In this blog, I'll describe steps three and four: who you listen to and how you listen, and the kind of self-awareness that a coach for equity needs to develop.
Listening As A Tool for Transformation
A coach for equity needs to listen to all kinds of people and needs to listen in specific ways. You'll need to listen to students, to their families and caregivers, to colleagues, administrators, and so on. You'll need to do a lot of listening to understand as best as possible how others experience and make sense of their current reality.
Here's a simple suggestion: Listen to children first. Listen to children more than you listen to adults. Their voices are heard less and are more frequently dismissed. Listen to the children who don't speak as much. Listen to those who are alienated, who don't have many friends, who are kicked out of class and sent to the office. And then listen to their families--to whomever you can get talking--an older sibling, a grandparent, an uncle.
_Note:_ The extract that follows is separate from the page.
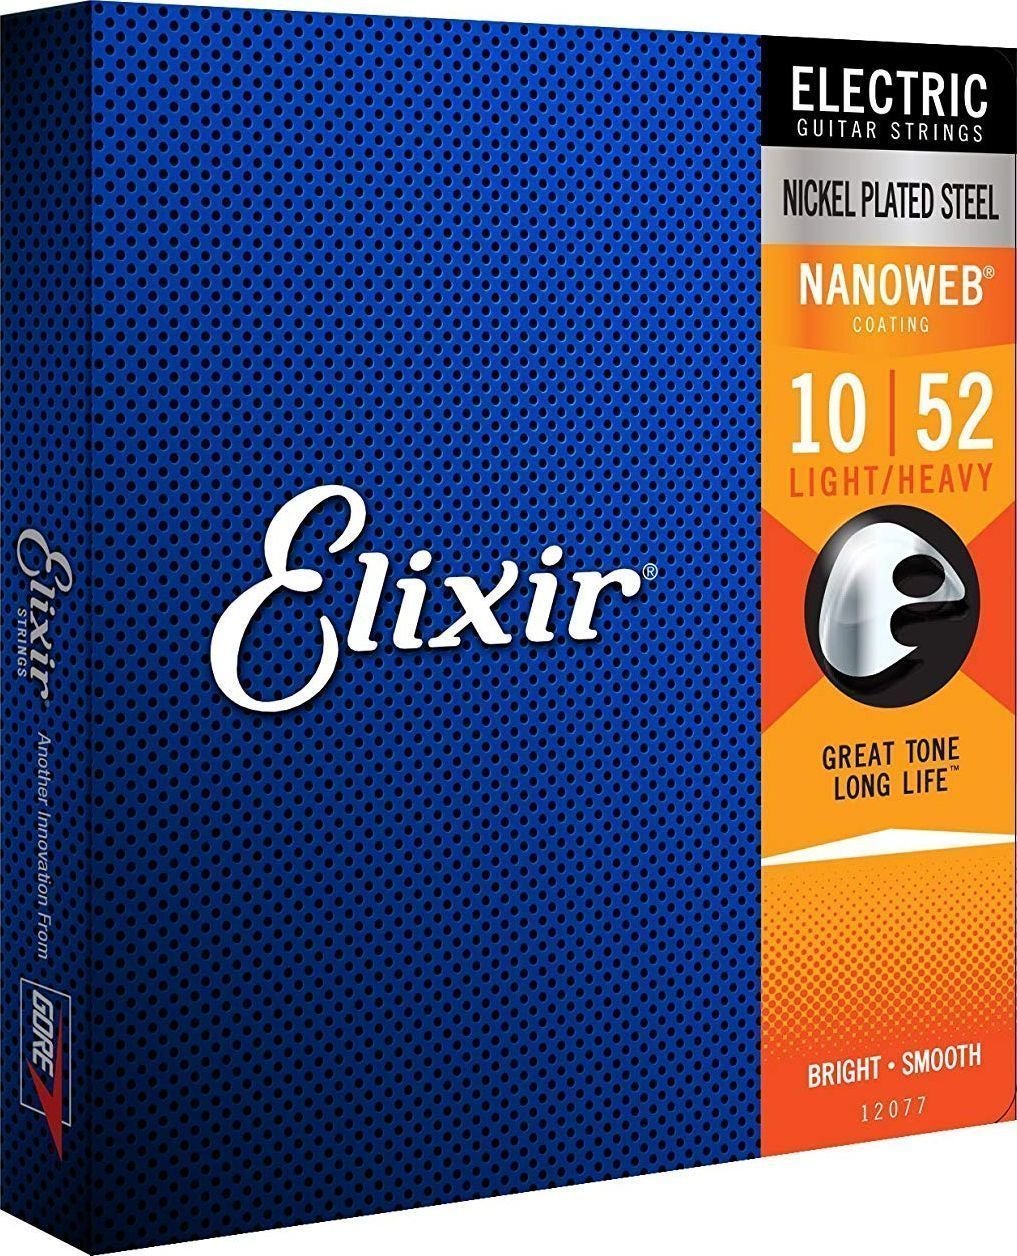 Cordes pour guitares électriques Elixir 12077 Nanoweb 10-52

Start with an invitation and remember that your tone of voice carries a great deal of meaning:
- I want to hear your story. I want to know about your experience in our school. Would you be willing to tell me your story?
And then just listen and listen and listen. You can say:
- Tell me more about that...
- I want to better understand--can you explain?
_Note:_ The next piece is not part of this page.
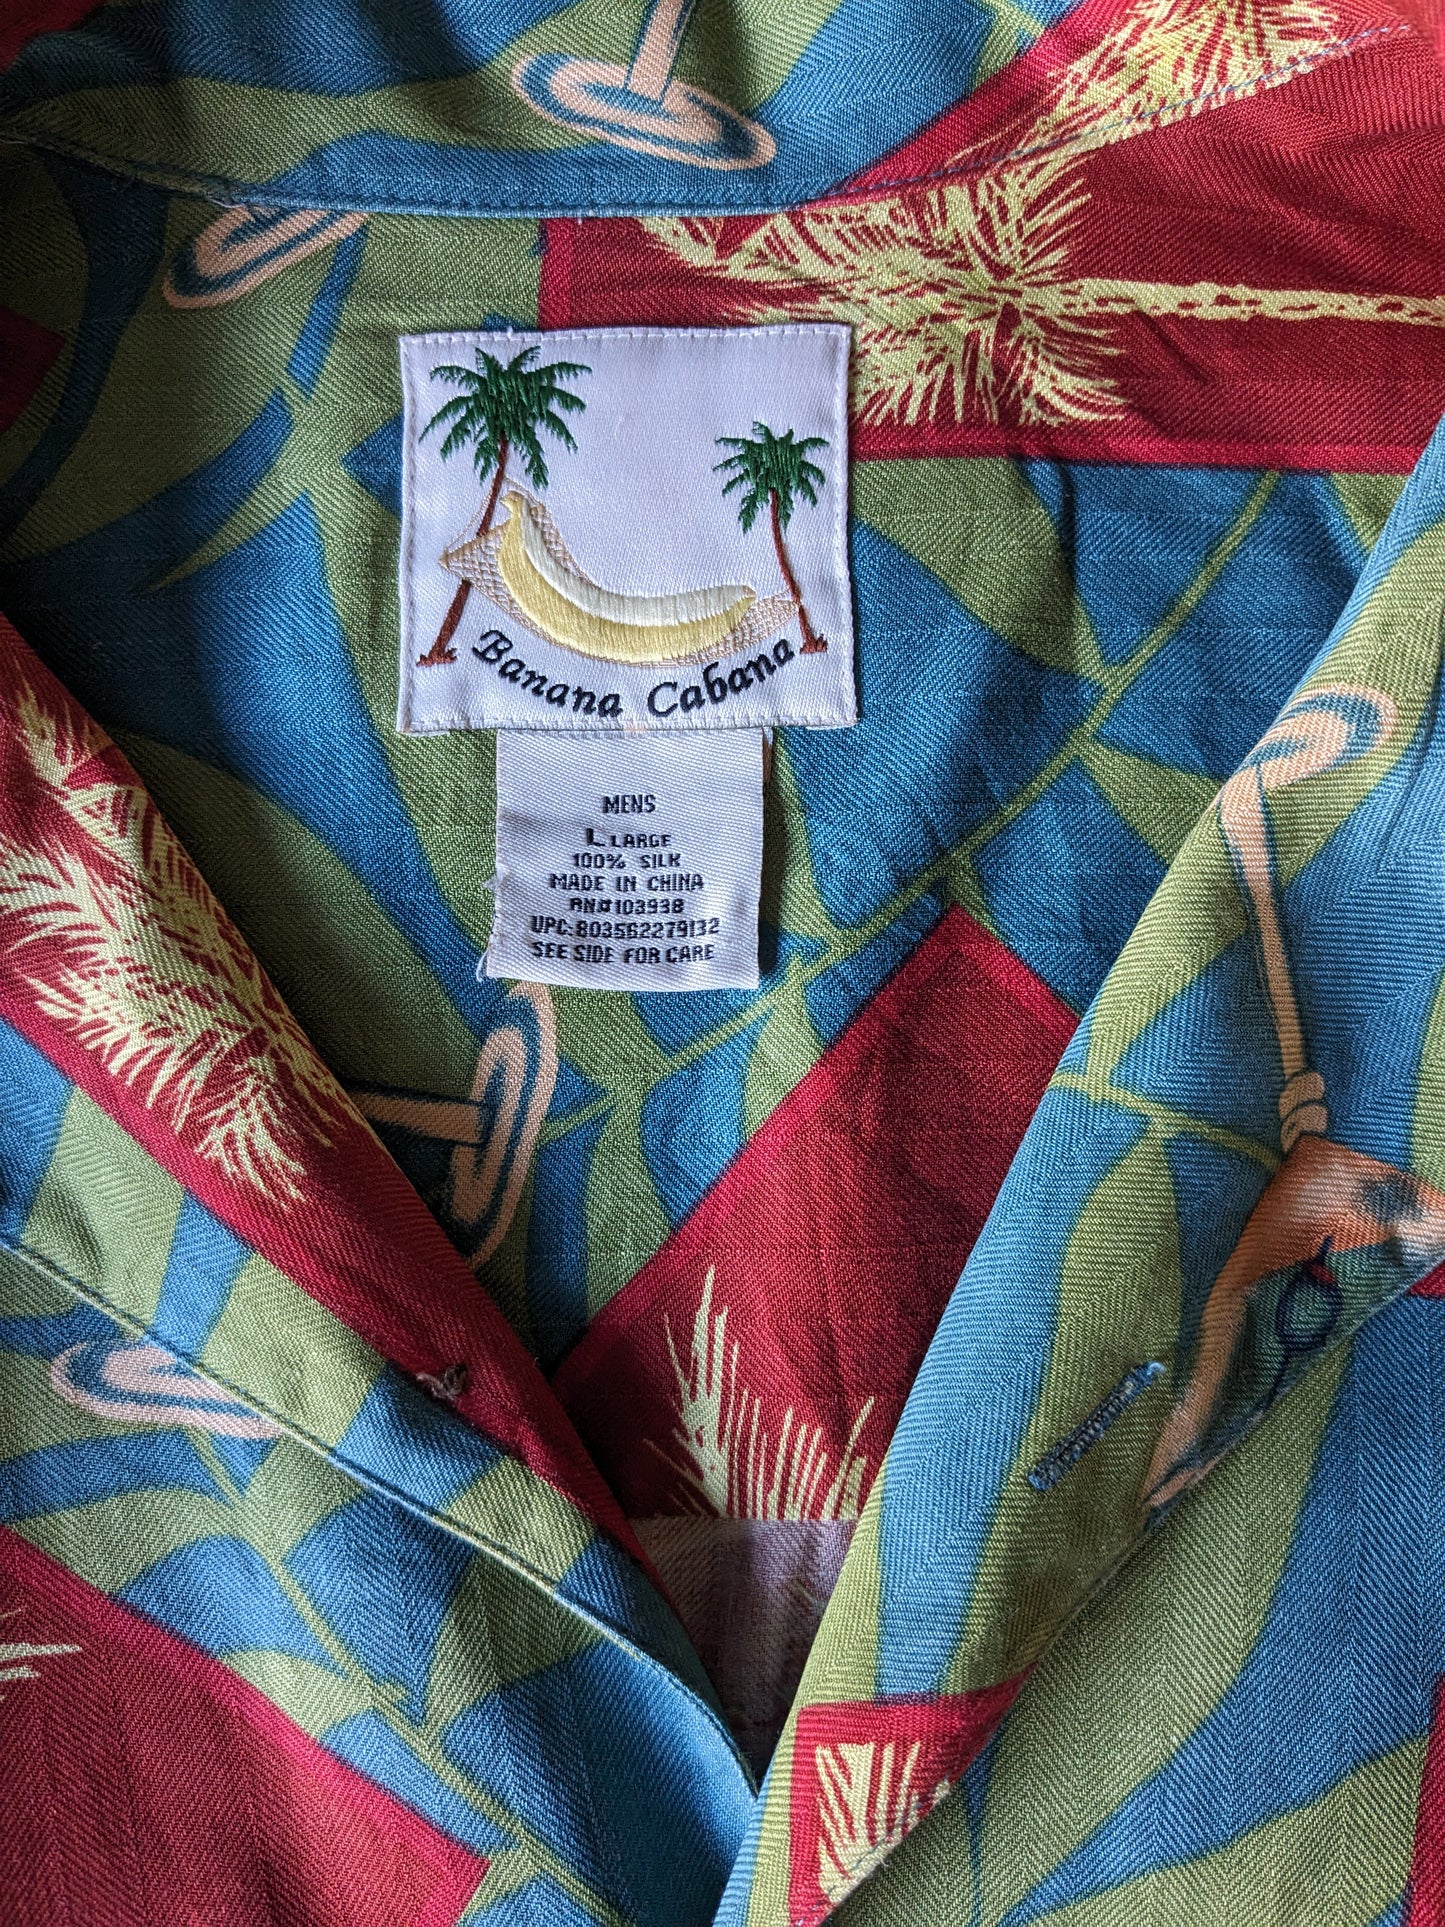 Banana Cabana Casta corta hawaii originale. Stampa blu verde rosso. Taglia L / XL.

- What do you appreciate about our school? What could we do better? What do you need?
- What's one thing you wish would change at our school? Who is one person who you feel knows and cares about you here?
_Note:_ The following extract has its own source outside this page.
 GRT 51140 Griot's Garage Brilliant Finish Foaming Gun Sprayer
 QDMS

- How do you feel when you come to school?
Ways of Listening
In order to listen deeply, we need to learn how to manage our own thoughts and feelings. The first thing we might notice when we begin listening with an intent to interrupt inequities is that we experience a barrage of feelings, many of which might be uncomfortable. We might feel sad. We might feel overwhelmed. Responsible. Complicit. Despairing.
As you listen, notice your feelings. By simply noticing them you can lessen their intensity. Say to yourself, "I notice sadness. I notice anger." You don't have to do anything about them in the moment, but see if you can bring enough awareness to them so that they don't shut you down from listening. Stay in the conversation, in the listening, with your feelings.
Listening for understanding implies accepting what you hear. You accept that the speaker's truth is their truth, their experience is their reality. This is hard for many of us--we're inclined to debate, argue, press and challenge, but as a coach for equity, our job is to listen for understanding. Listen until you feel like you are inside the speaker's mind and heart, until you feel as if you are looking out through their eyes. It's not going to be comfortable and in fact it might be painful, but this is your job as a coach for equity.
The Talmud says, "We don't see things as they are, we see things as we are." And so if everything we see, hear and experience is filtered through our history, identity, beliefs and feelings--then we have a responsibility to know what those are.
Self-awareness encompasses an expansive range of domains. We need to understand how our gender, socio-economic class, race and ethnicity, sexual orientation, age/generation, and religious traditions affect how we experience the world. This is not easy work, which is why I relentlessly insist that transformational coaches who work for equity need time and community in which to do this kind of learning. We must start by accepting this truth--that in order to interrupt inequities, we need to know who we are and how we see.
You can start this reflection by journaling, talking with others and reading about this suggestion that who you are defines how you see things.
Coaching for equity implies a great deal of self-awareness, of skill building in areas that you might not have considered a part of this work--such as listening and managing emotions. In my Part 3 of this series I'll offer some thoughts about what a coach for equity says and does.